Pada pertemuan kedua, aku telah mengenal satu nada. Sekali kunjungan, satu nada, cukuplah bagiku.
Tiga hari penuh aku mengerjakan lunas dan gading-gading. Hari keempat kulekatkan semuanya, maka selesailah rangka dasar perahuku.
Sore hari keempat itu, aku belajar biola lagi. Aku mencoba memencet satu titik di depan satu titik yang kuanggap Do tiga hari yang lalu.
"Nurmi, apakah ini kedengaran seperti re di telinga-mu?” Gadis itu menjawab dengan cepat. "Iya, Pak Cik."
Kupencet lagi satu titik di depan re, sama dengan jarak antara titik yang kuanggap do tiga hari lalu terhadap re yang baru saja kutemukan. Kulakukan itu tanpa mengikuti aturan skala tangga nada versi Nurmi, tapi berdasarkan pendapat Lintang bahwa jarak bunyi yang konsisten pada satu dawai akan secara teknis membentuk tangga nada.
"Apakah ini terdengar seperti mi?"
Nurmi terperangah melihatku belajar sendiri dan meski merangkak- rangkak, tapi ajaib, aku mulai menemukan nada-nadaku.
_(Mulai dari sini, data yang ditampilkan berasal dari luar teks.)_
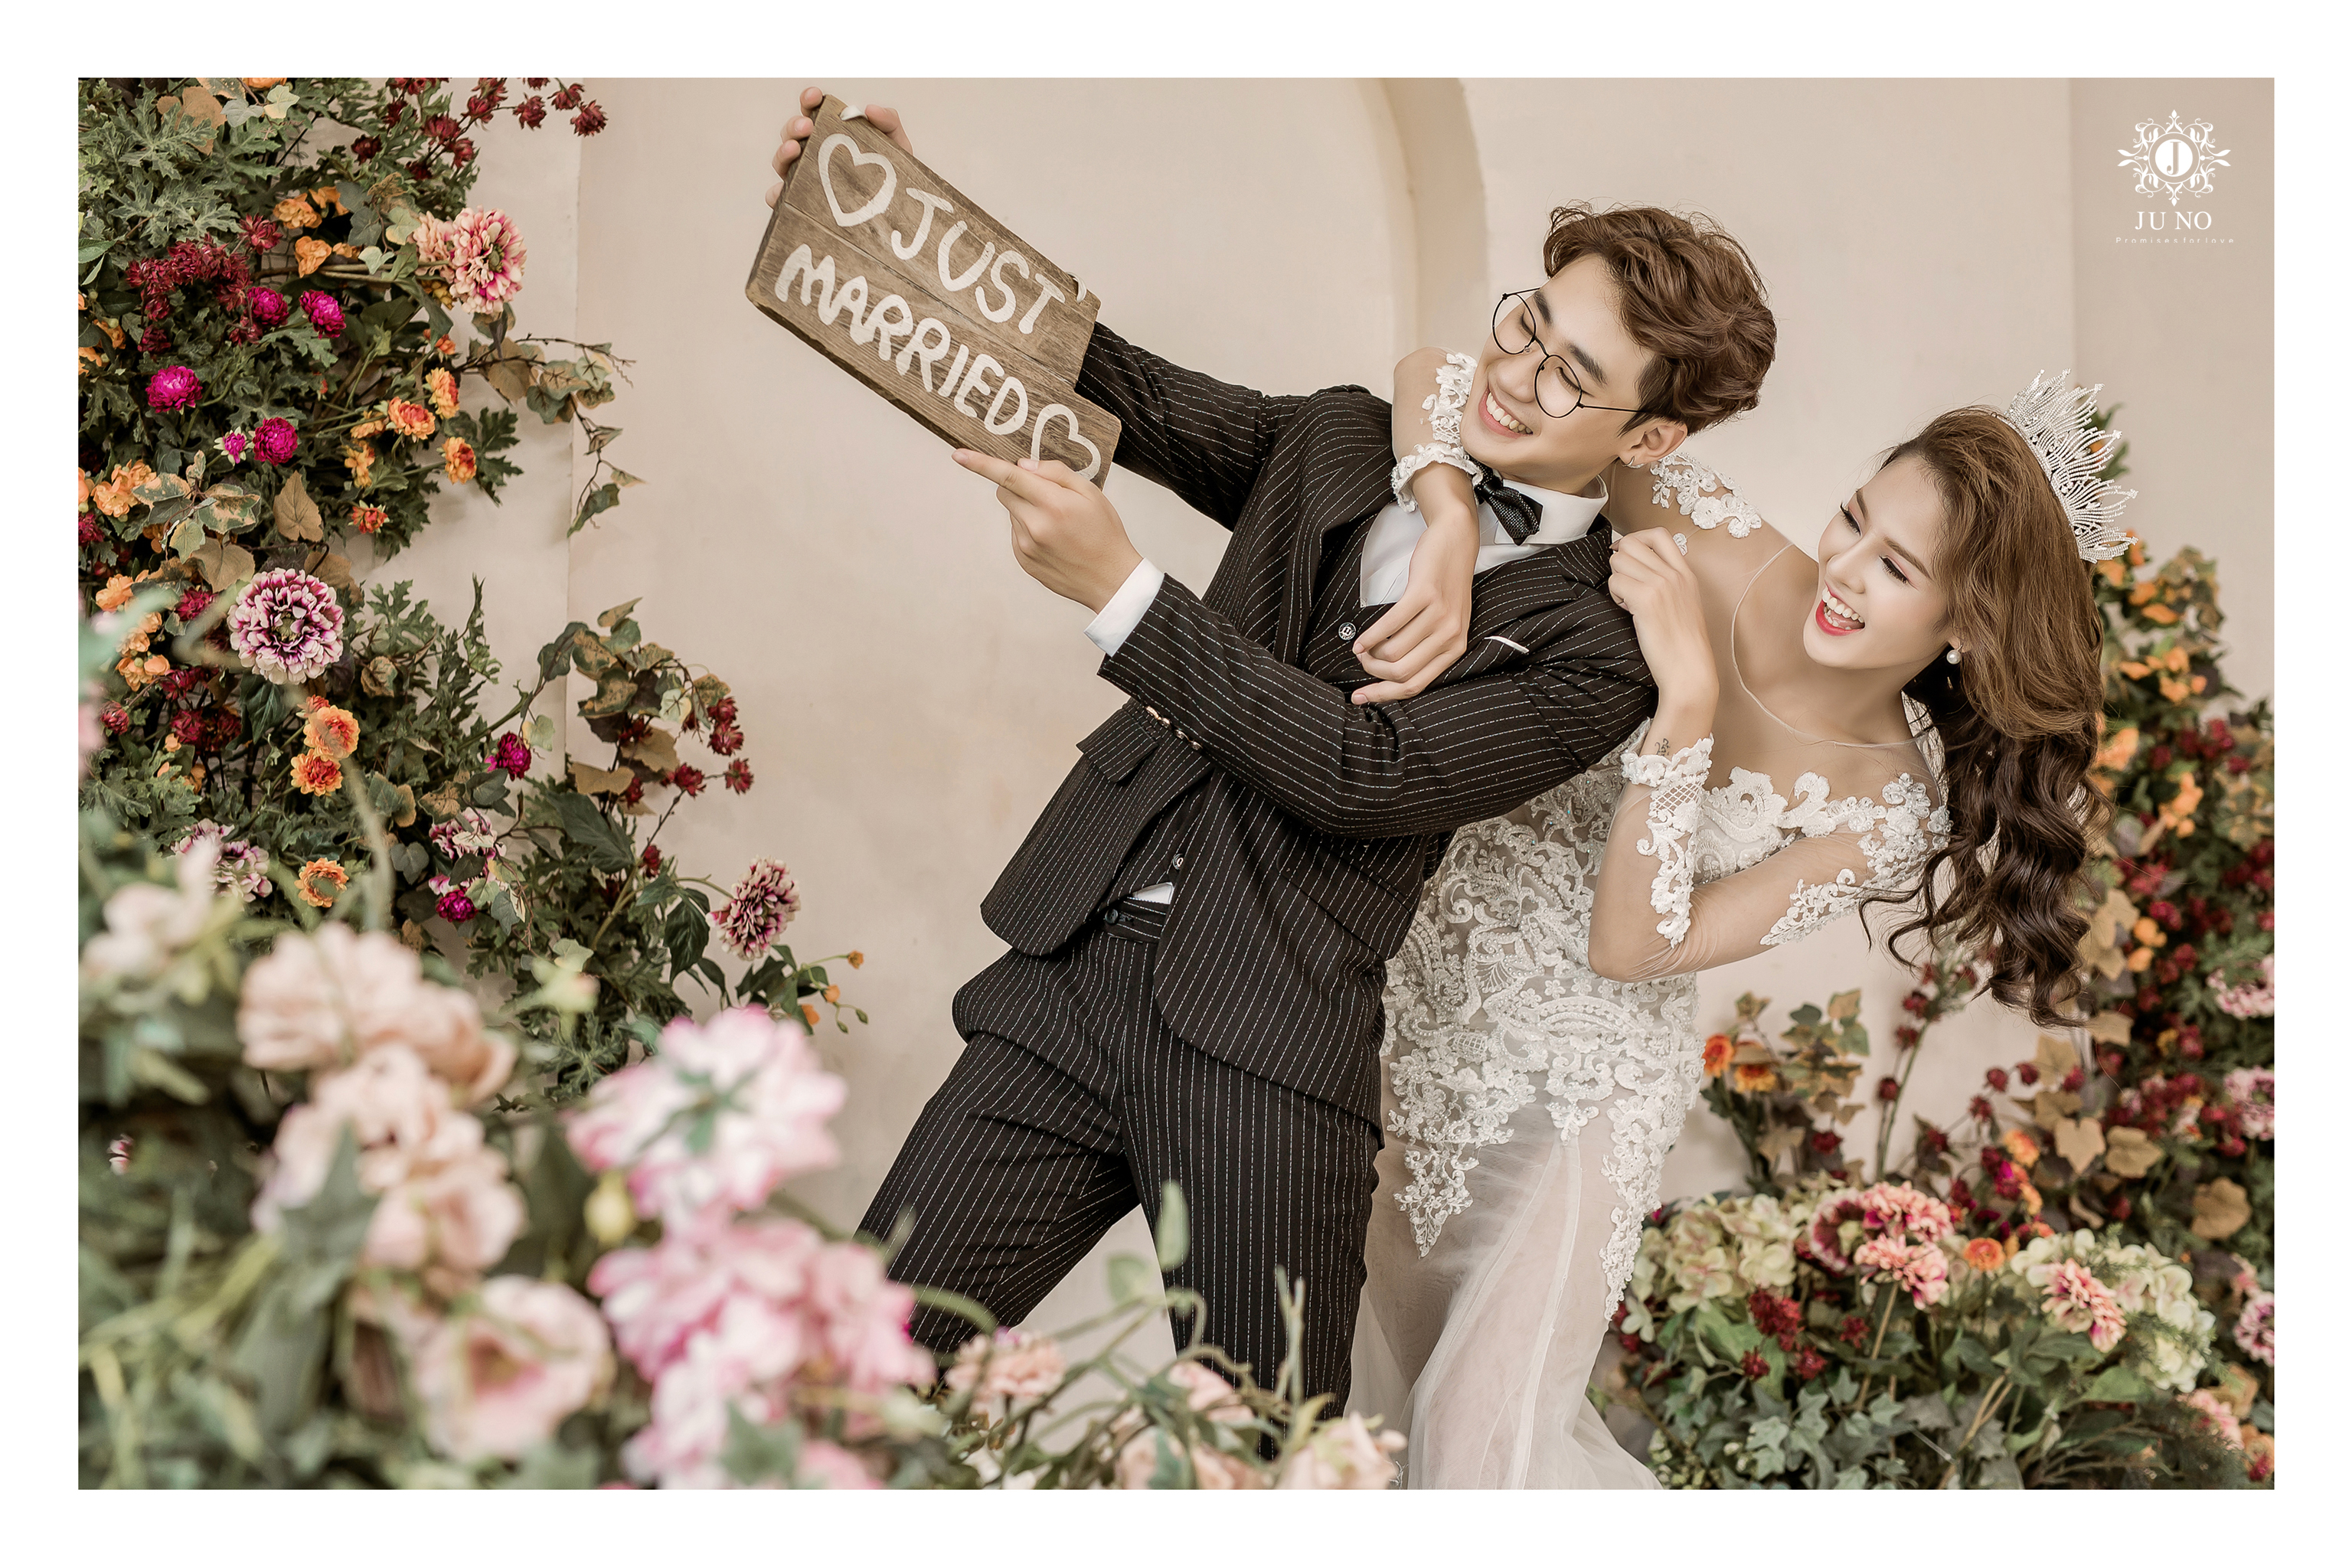 Nếu bạn đang ấp ủ một đám cưới trong tương lai, hãy tìm đến ngay Studio chụp ảnh cưới tại Hà Nội để chụp những bức ảnh đẹp nhất. Được trang bị đầy đủ thiết bị hiện đại cùng không gian sang trọng, Studio chụp ảnh cưới Hà Nội chắc chắn sẽ làm hài lòng mọi khách hàng.

Kutekan lagi satu titik dekat titik mi, di telingaku terdengar seperti fa Lalu kuikuti jarak yang konsisten pada frekuensi yang lebih tinggi. Aku mengulanginya berkali-kali, membiasakan diri, dan mata Nurmi yang lucu melotot, mulurnya ternganga-nganga, sebab aku, tukang perahu ini, baru saja menemukan sendiri, tanpa pernah ia ajari, satu oktaf lengkap nada biola.